Signed book: The Burden and the Glory. First edition, specially bound deluxe presentation issue. Hardcover bound in navy blue goatskin with gilt-stamped presidential seal on front board, all edges gilt, 5.75 x 8.25, 293 pages. Signed on the first free end page in black ballpoint, "Jacqueline Kennedy," and on the first page of a speech entitled 'The Moral Issue of Equal Rights for All Colors,' JFK's response to the desegregation crisis in Alabama, by JFK's deputy attorney general, "Nicholas deB. Katzenbach." Autographic condition: fine. Book condition: VG+/None, with trivial spots of rubbing to spine head and corners.

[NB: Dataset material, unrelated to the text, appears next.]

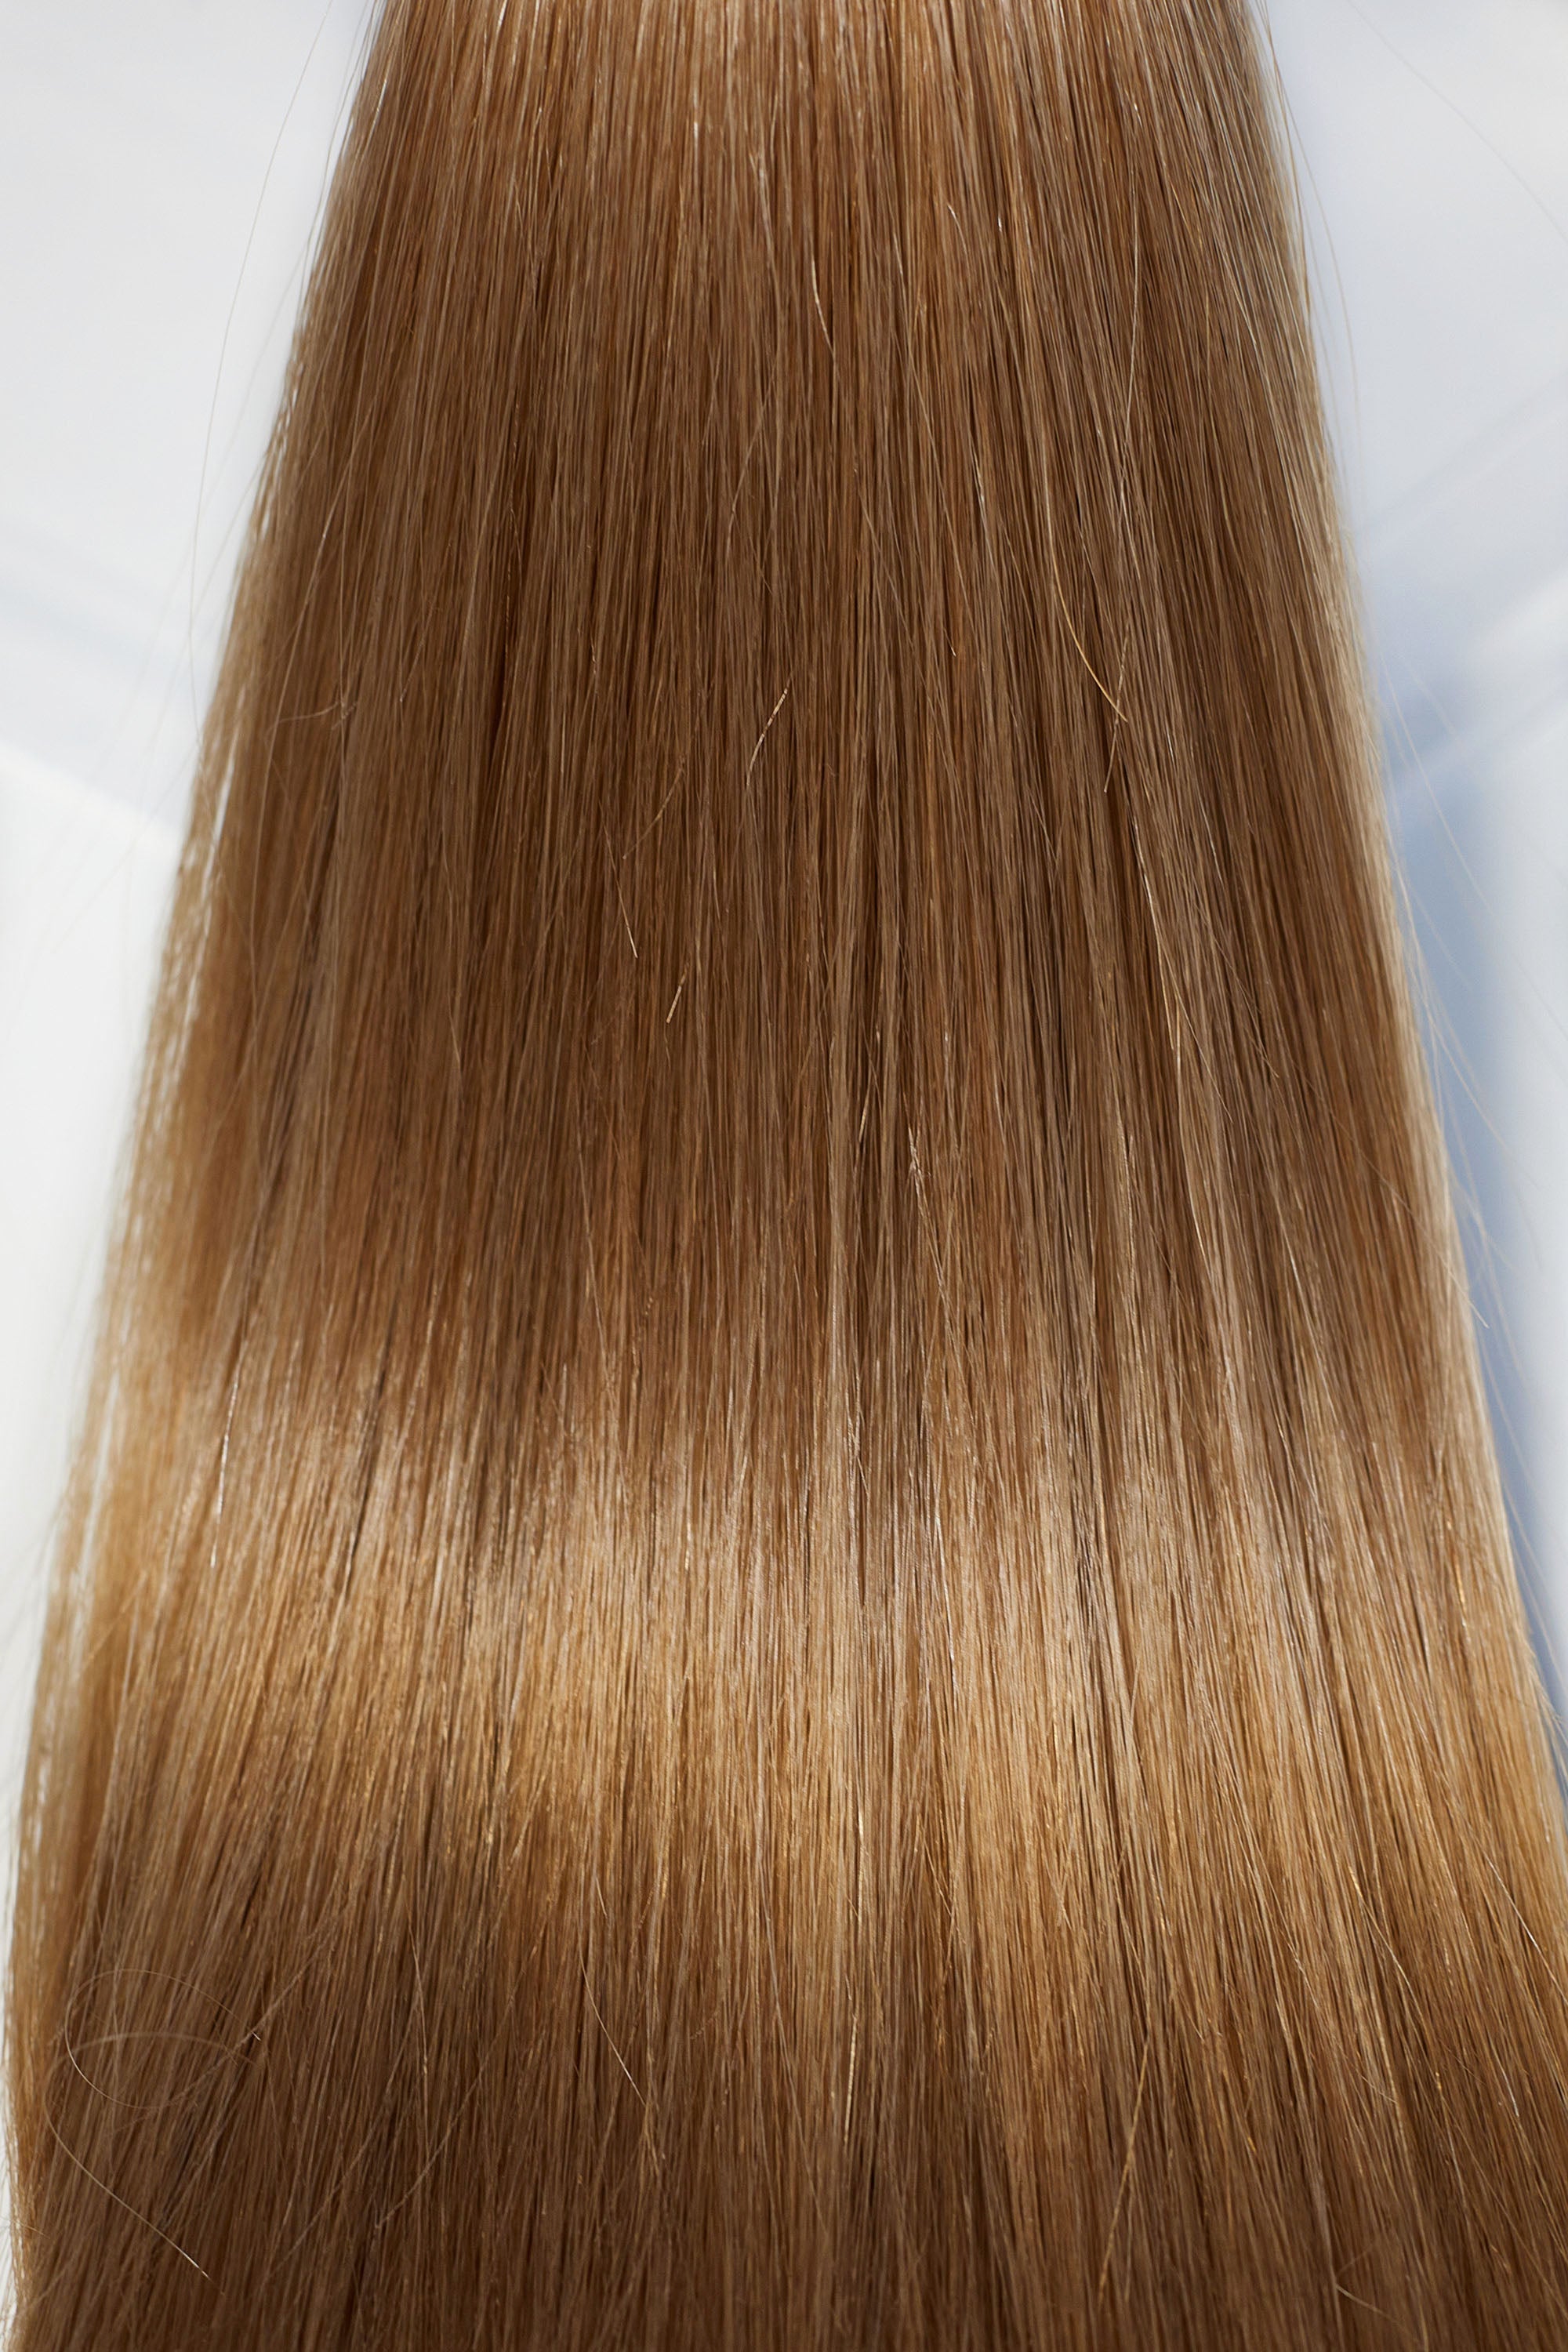 Behair professional Keratin Tip "Premium" 20" (50cm) Natural Straight Caramel Brown #8 - 25g (Micro - 0.5g each pcs) hair extensions

Both books are housed in handsome custom-made half-leather clamshell cases with marbled boards and gilt-stamped spines. John F. Kennedy had an enduring voice that captured the dreams and imagination of a nation. Aside from his youth and charisma Kennedy’s popularity has endured due to his inspirational rhetoric. To Turn the Tide holds his ever-popular Inaugural Address, with so many memorable lines: 'Let the word go forth…the torch has been passed,' along with the famed clarion call to higher purpose and patriotism, 'And so, my fellow Americans, Ask not what your country can do for you—ask what you can do for your country.' The Gardner book concludes with Kennedy's foreboding address to the United Nations of September 25, 1961: 'Today every inhabitant of this planet must contemplate the day when this planet may no longer be inhabitable. Every man, woman and child lives under a nuclear sword of Damocles, hanging by the slenderest of threads, capable of being cut at any moment by accident or miscalculations or madness. The weapons of war must be abolished before they abolish us.'

The Burden and the Glory picks up with speeches starting in November 1961 and ends with Kennedy's famous 'unspoken speech' intended to be delivered before the Dallas Citizens Council on November 22, 1963. Among these is his enduring space speech at Rice University ('We choose to go to the moon in this decade and do the other things, not because they are easy, but because they are hard'), his televised address on the Cuban Missile Crisis, his historic address at American University desiring a world peace, and his famed 'Ich bin ein Berliner' speech given at the Berlin Wall. Katzenbach signs the address given by Kennedy after the 'Stand in the Schoolhouse Door'—the moral crisis of Civil Rights on June 11, 1963, when Governor George Wallace of Alabama threatened to block the registration of two African American students to the all-white University of Alabama. Katzenbach and the federalized National Guard confronted Wallace on the steps of Foster Auditorium, where the registration was to take place, and eventually Wallace backed down. That night Kennedy addressed the nation: 'If an American, because his skin is dark cannot eat lunch in a restaurant open to the public, if he cannot send his children to the best public school available, if he cannot vote for public officials who represent him, if in short, he cannot enjoy the full and free life which all of want, the who among us would be content to have the color of skin changed and stand in his place? Who among us would then be content with the counsels of patience and delay.' Together, these two multi-signed books represent the trials and triumphs of John F. Kennedy's presidency, as well as his enduring legacy.